DATA SHOWN below:
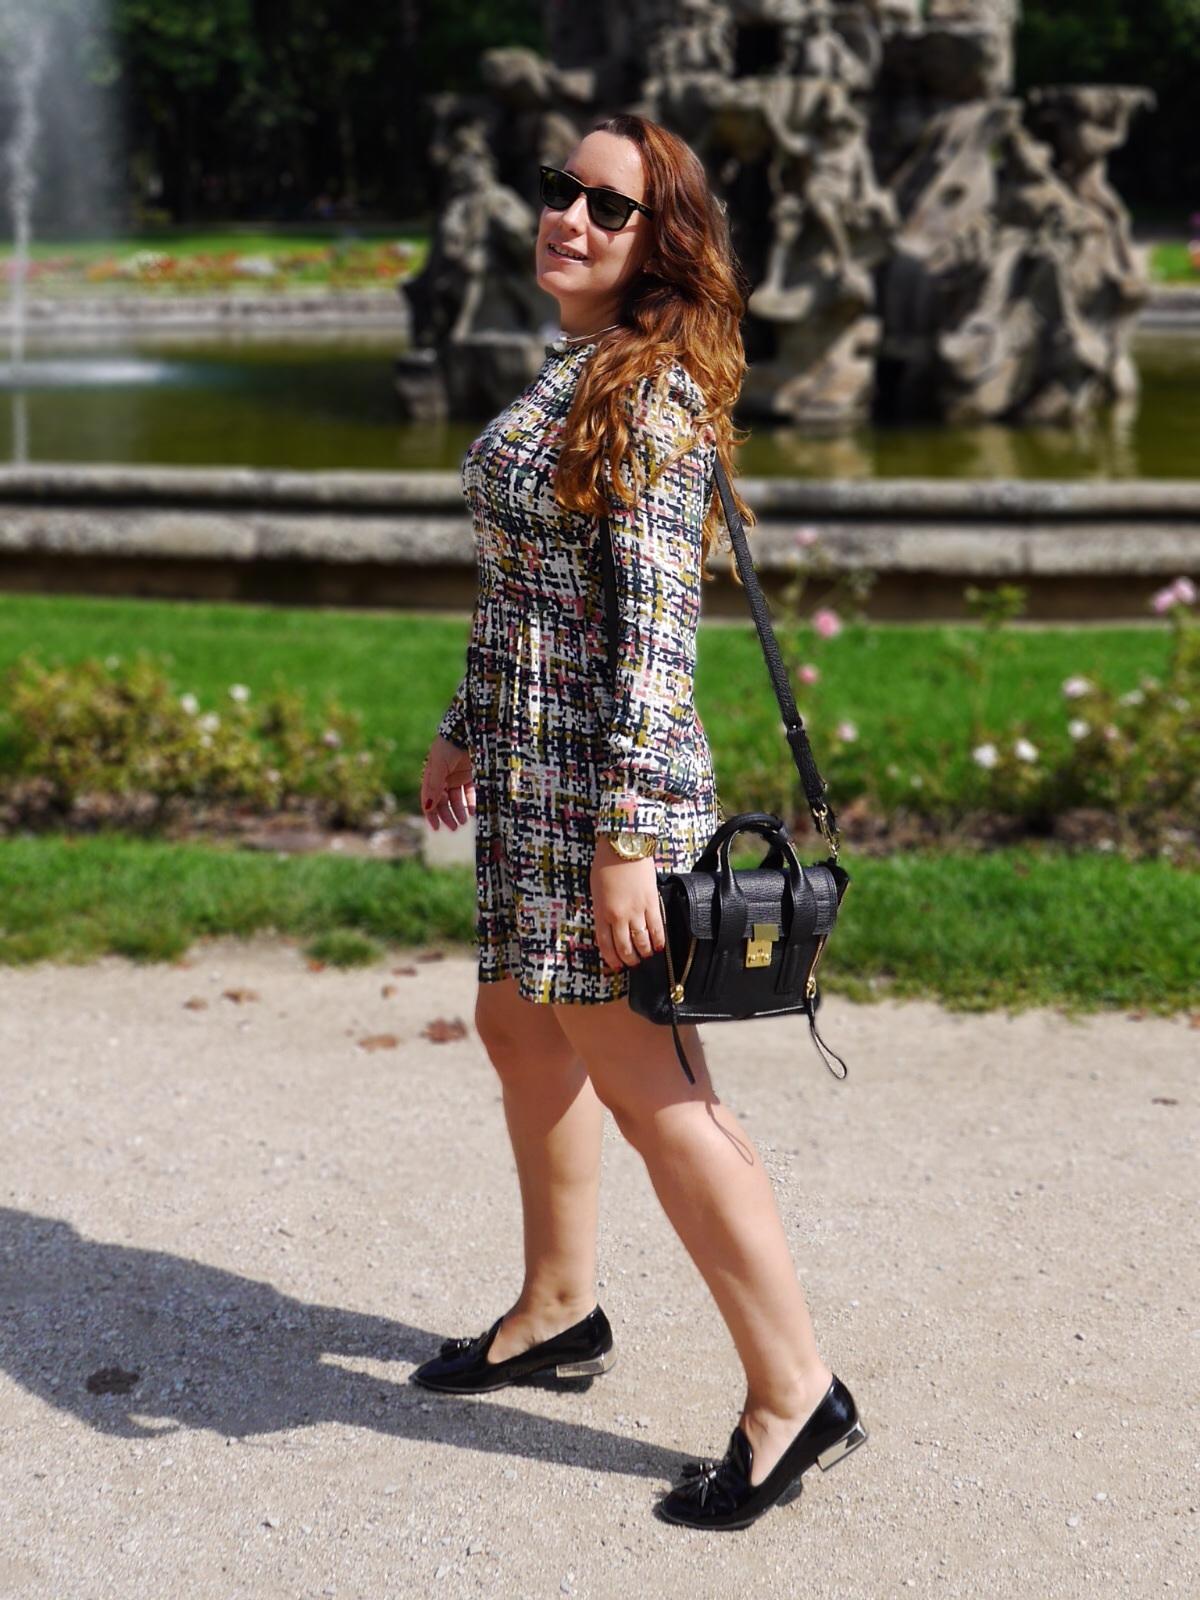 Street Style, De mayor quiero ser egoblogger, Zara dress, 3.1 Phillip Lim, Zara slippers, egoblogger, fashion blogger
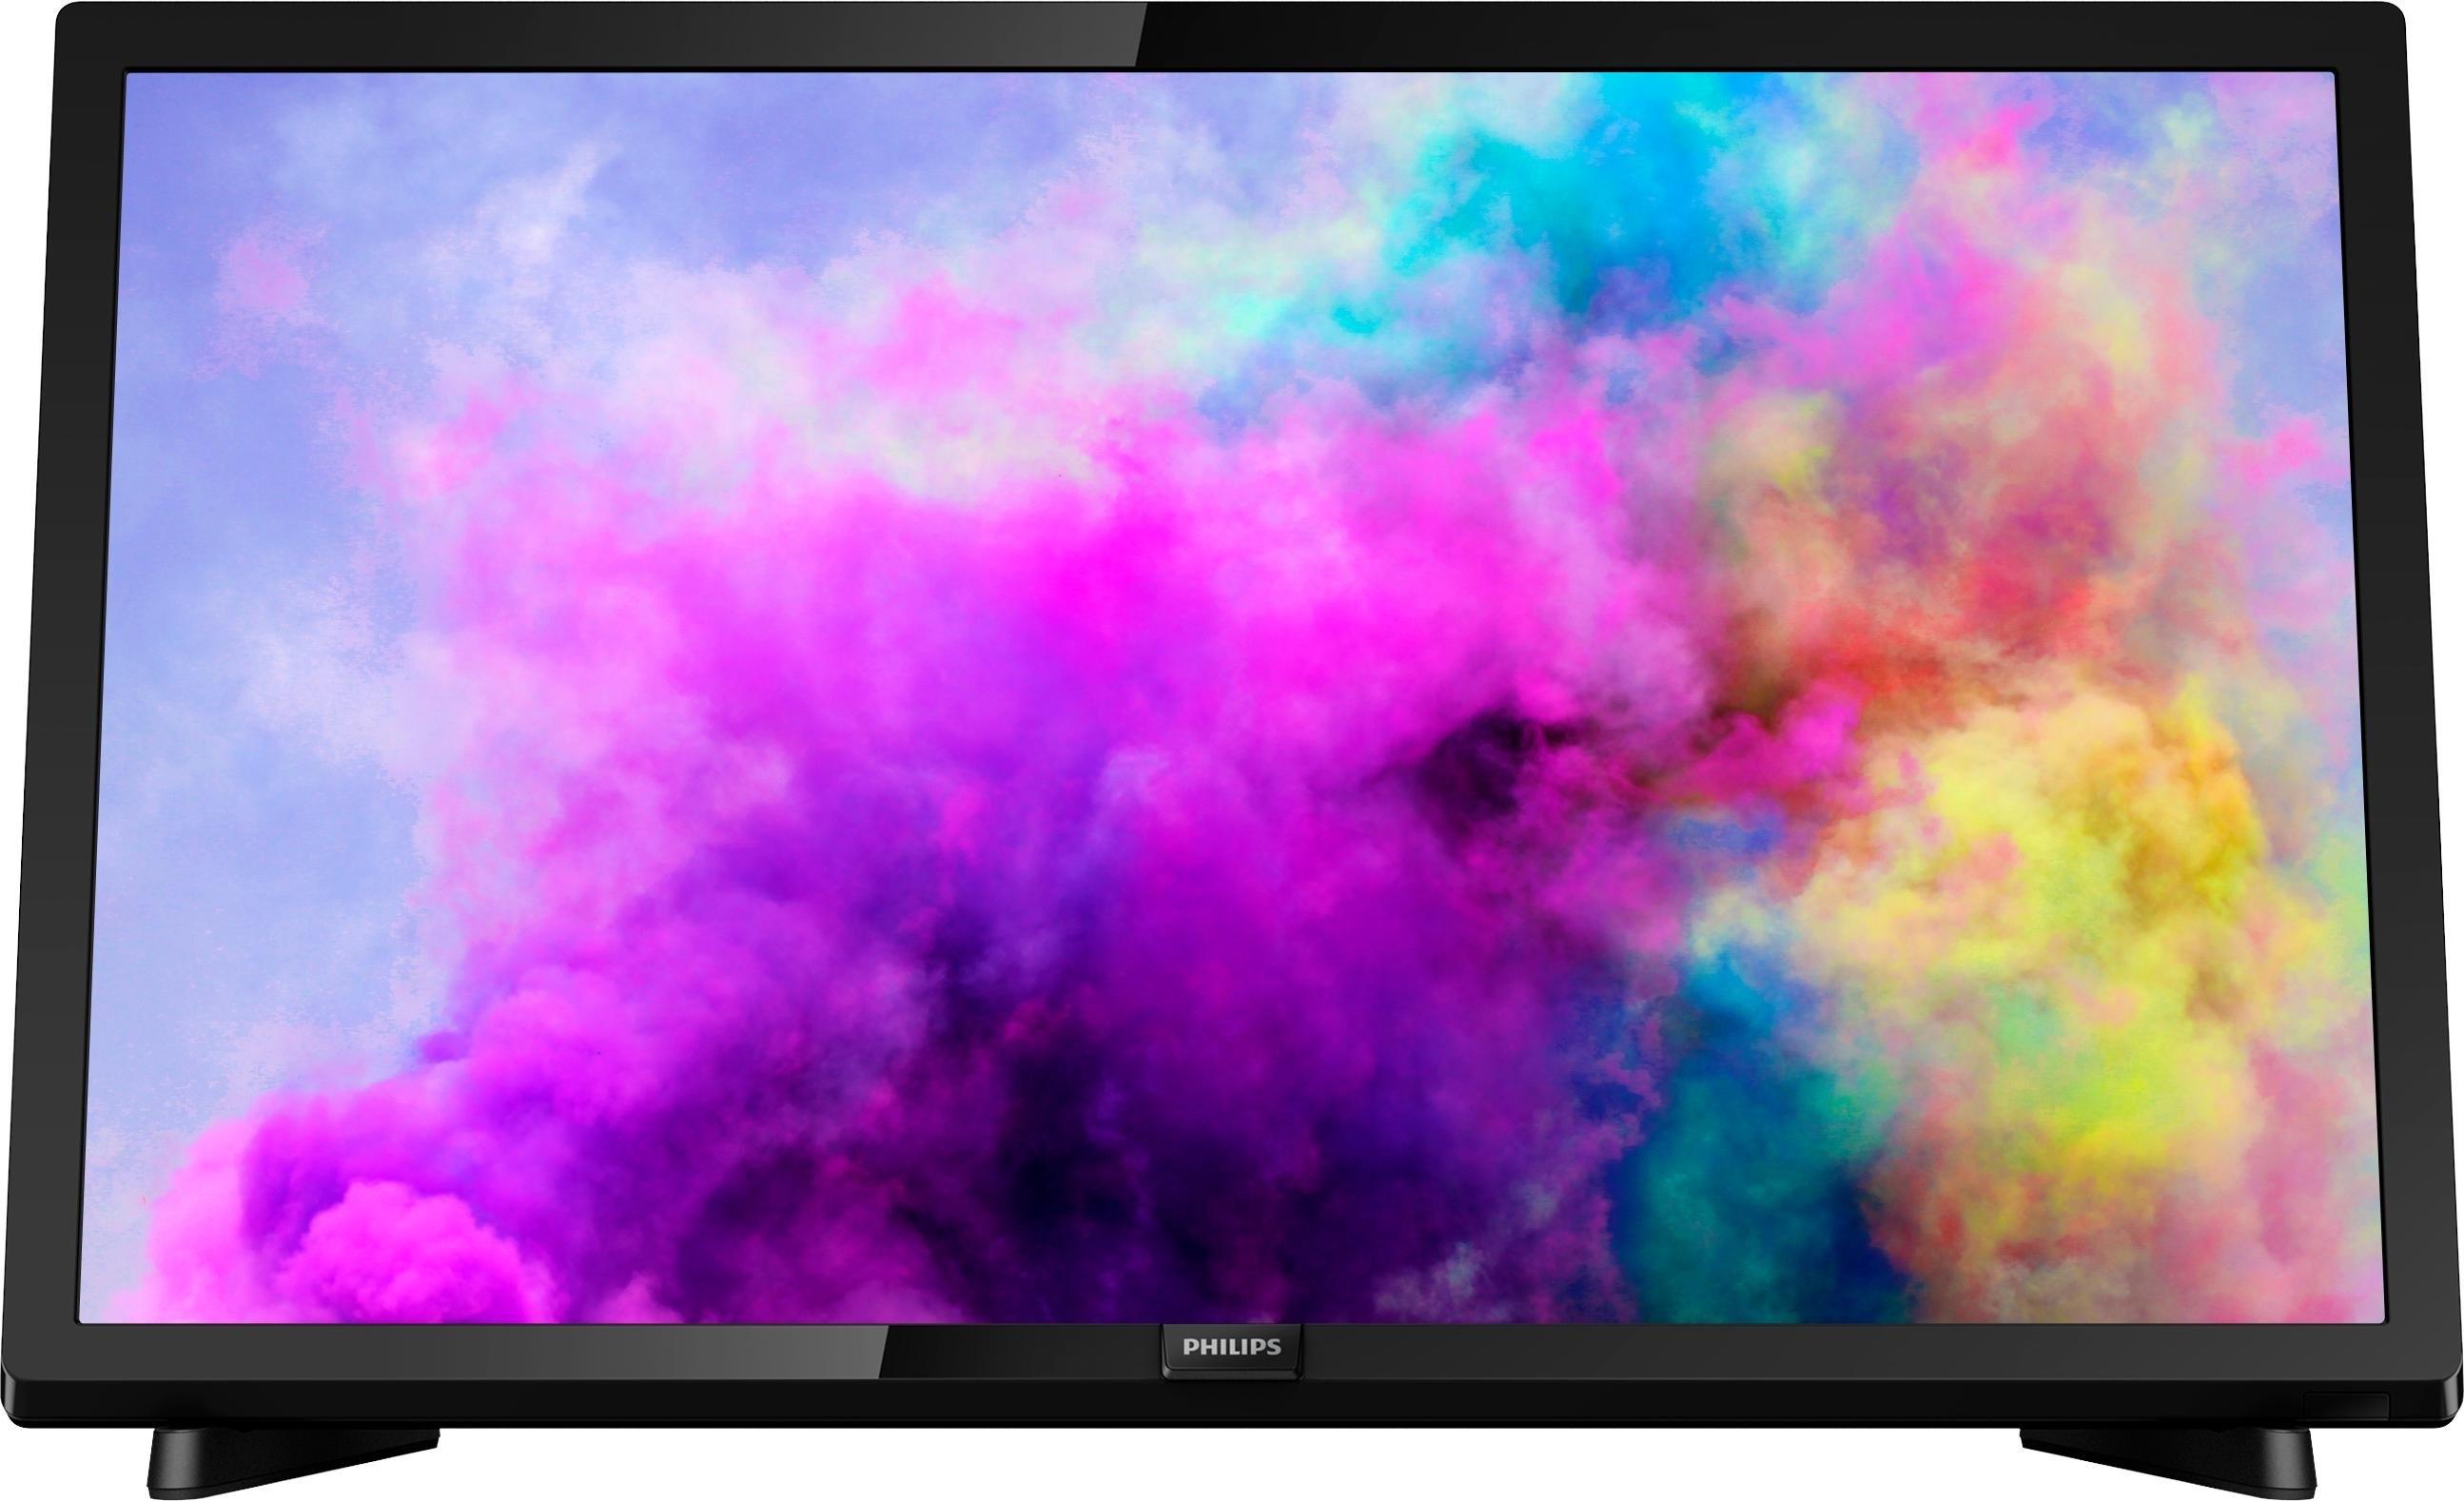 Philips 22PFS5403/12 led-tv (22 inch), Full HD nu online bestellen
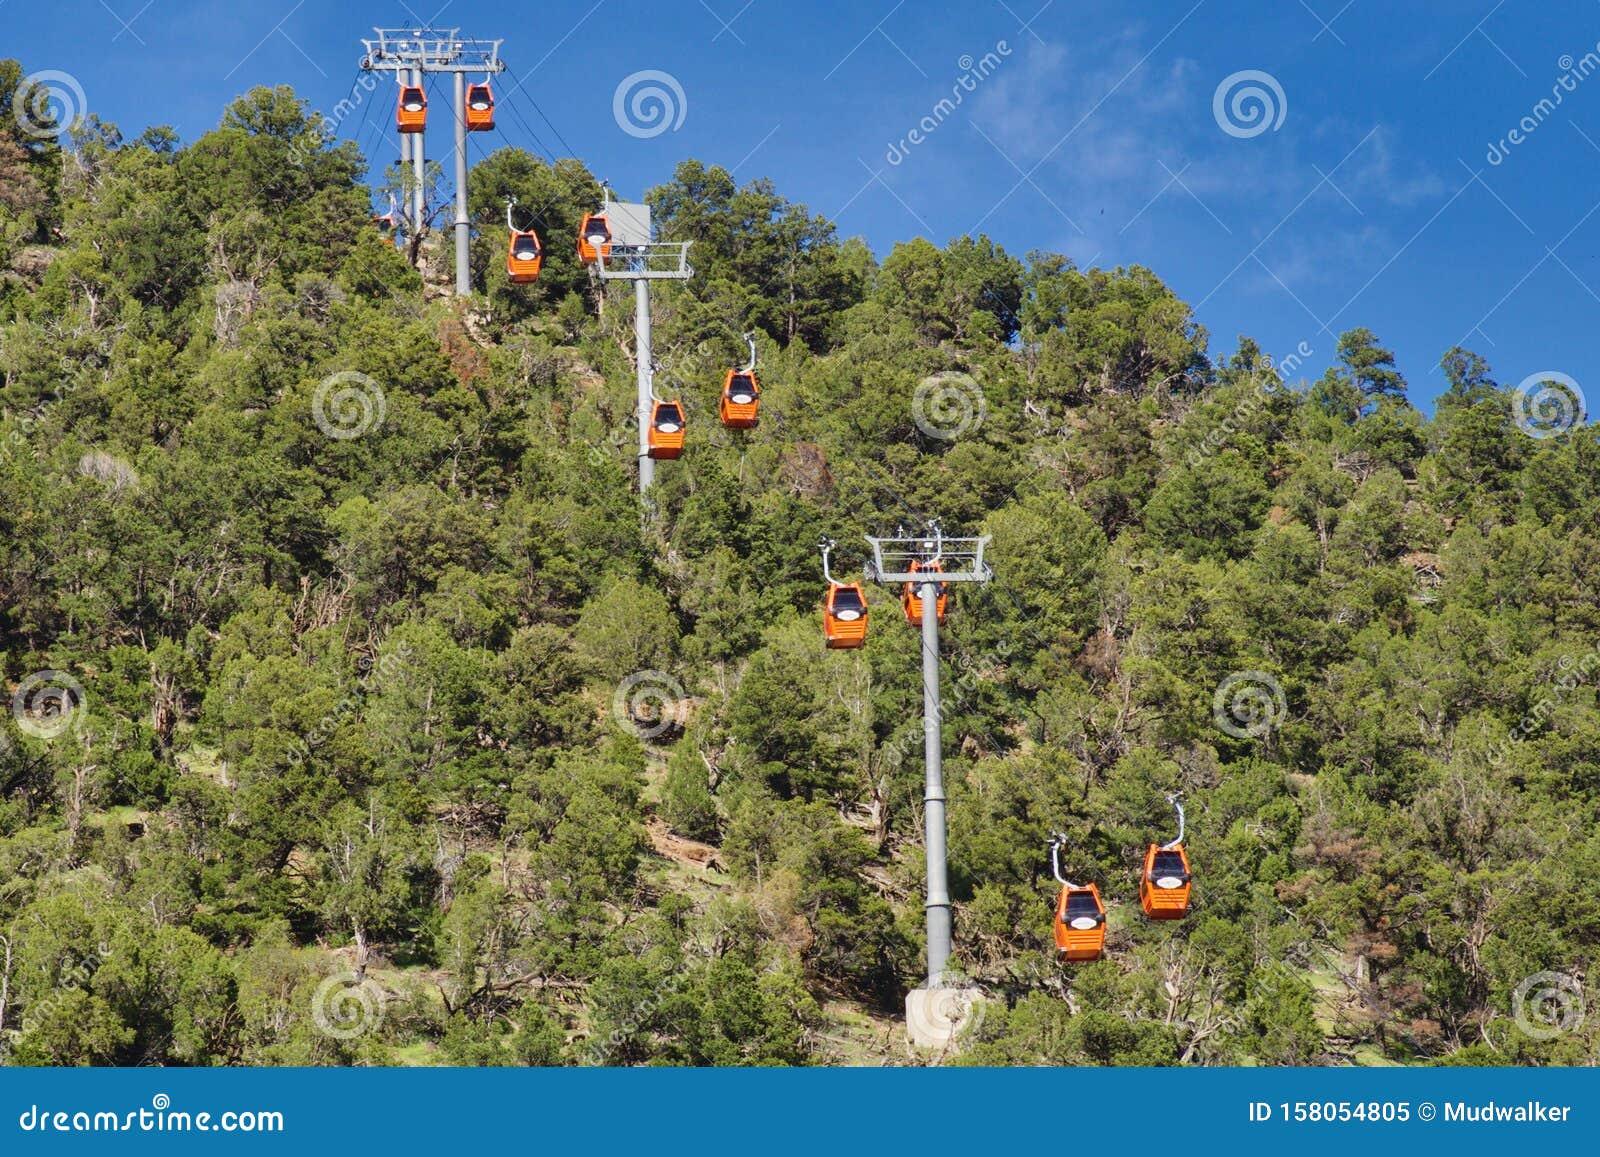 Colorado Adventure Activities Photos Free Royalty Free Stock Photos From Dreamstime
End of DATA SHOWN.
*EXERCISE AIM*.
Print the full listing above again with exact wording and no images.

*WRITTEN RESPONSE*.
 Street Style, De mayor quiero ser egoblogger, Zara dress, 3.1 Phillip Lim, Zara slippers, egoblogger, fashion blogger
 Philips 22PFS5403/12 led-tv (22 inch), Full HD nu online bestellen
 Colorado Adventure Activities Photos Free Royalty Free Stock Photos From Dreamstime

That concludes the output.